Post by appleman2006 »

mike wrote:
Bootstrap wrote:The other time was in 1988, when I returned from working for 3 months in Berlin. The customs officer was confused that a computer scientist had a transit visa for East Germany, and asked what I had been doing in East Germany. I explained that a transit visa only lets you drive through East Germany, it does not let you stop, so I hadn't actually been in East Germany. He asked why I would be driving through East Germany. I explained that I was a freelance computer scientist with customers in Berlin and West Germany. He repeated his question. Eventually, it became clear that he did not know that Berlin was an island in the middle of East Germany, but they allowed you to use their highways to reach West Germany with a transit visa. When I explained this, he did not believe me, and insisted that West Berlin was in West Germany. I drew him a map. He said that couldn't be right, because nobody would put a West German town in the middle of East Germany. I explained that Berlin is 750 years old and East Germany was less than 50 years old, and the Allies didn't want the Russians to take Berlin, so we defended it. I told him about the raisin bombers bringing in food and medicine when the Russians blockaded West Berlin. He still didn't believe it. I explained that I had been living there for 3 months and was pretty familiar with where things are. No dice. He kept trying to get me to tell him why I was lying to him. After about an hour of this, I realized I was probably going to miss my next flight, and asked him if he could get a map. He said no. I said, "this is a question a map could clear up very quickly, we've been discussing it for an hour now, and the map will tell us who is right". He said he didn't need a map to know where Berlin is. I asked for a supervisor. He got red and started shaking - he clearly did not want me to talk to a supervisor - and angrily told me to get out. I'm not sure what that was all about, but that experience makes me more willing to believe some of the other experiences people tell. At least they kept me for only an hour.

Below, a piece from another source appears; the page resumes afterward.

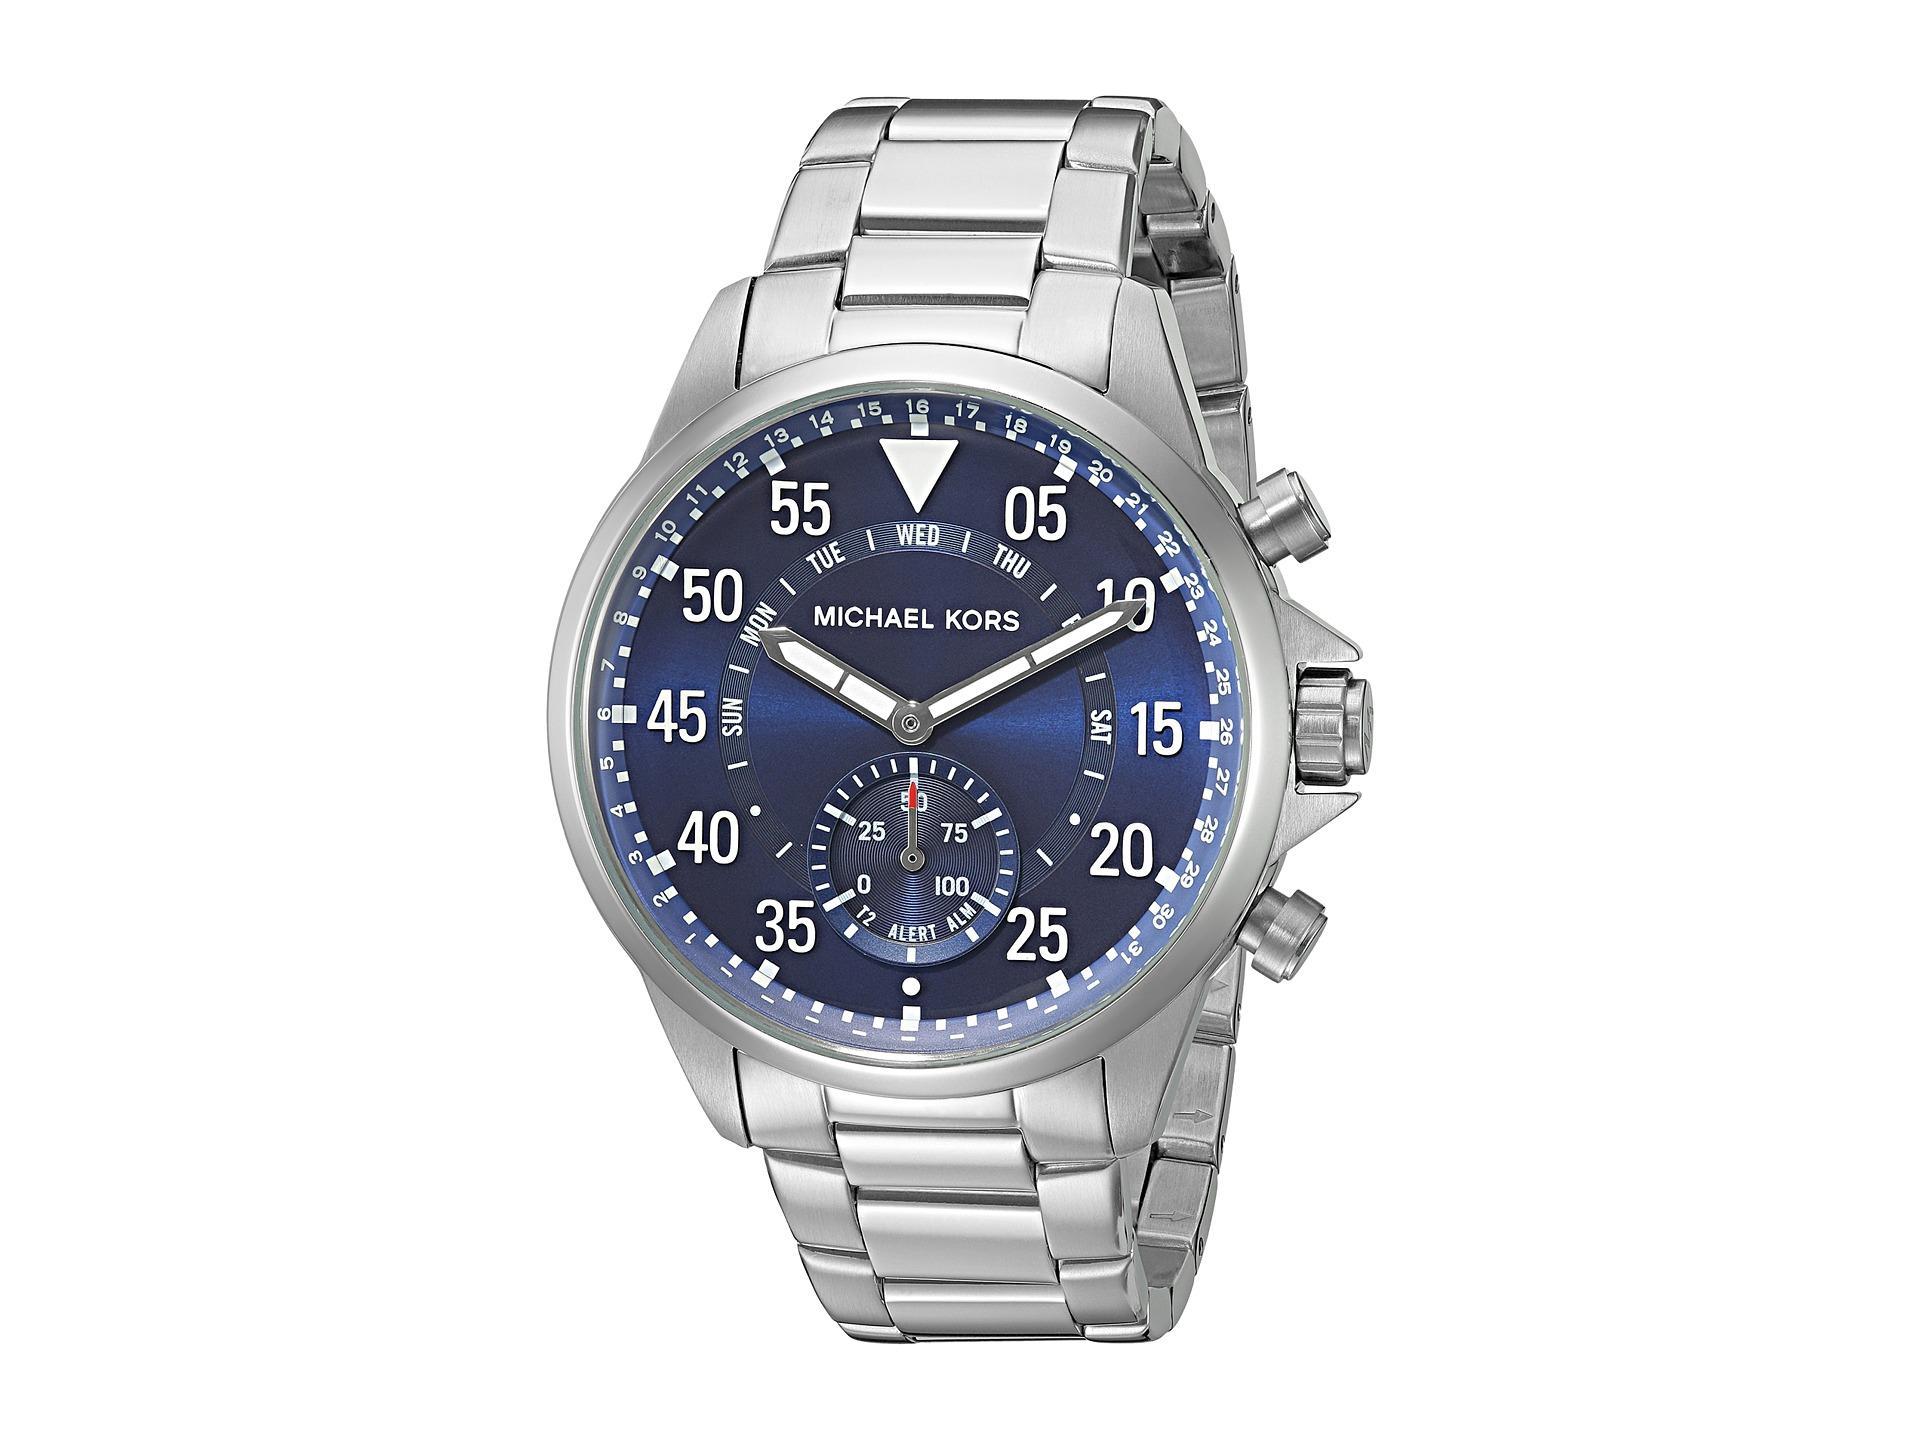 e97f9c390ebd Lyst - Michael Kors Gage Hybrid Smartwatch - Mkt4000 in Metallic for Men

That's completely awesome. :lol:
:D Kind of feeds in the generally accepted thinking up here in Canada that geography outside of the borders of your 48 states is not taught very well. I bet there are people in your country that believe Alaska and Hawaii exist as islands just below Texas. :P On a more serious note there is at least a slight chance that the border guard was intentionally playing dumb just to really test out the possibility that in fact Bootstrap may have been an agent for some foreign eastern power. 1988 was just after the end of the cold war after all and border guards do use some weird ways to get at facts at times.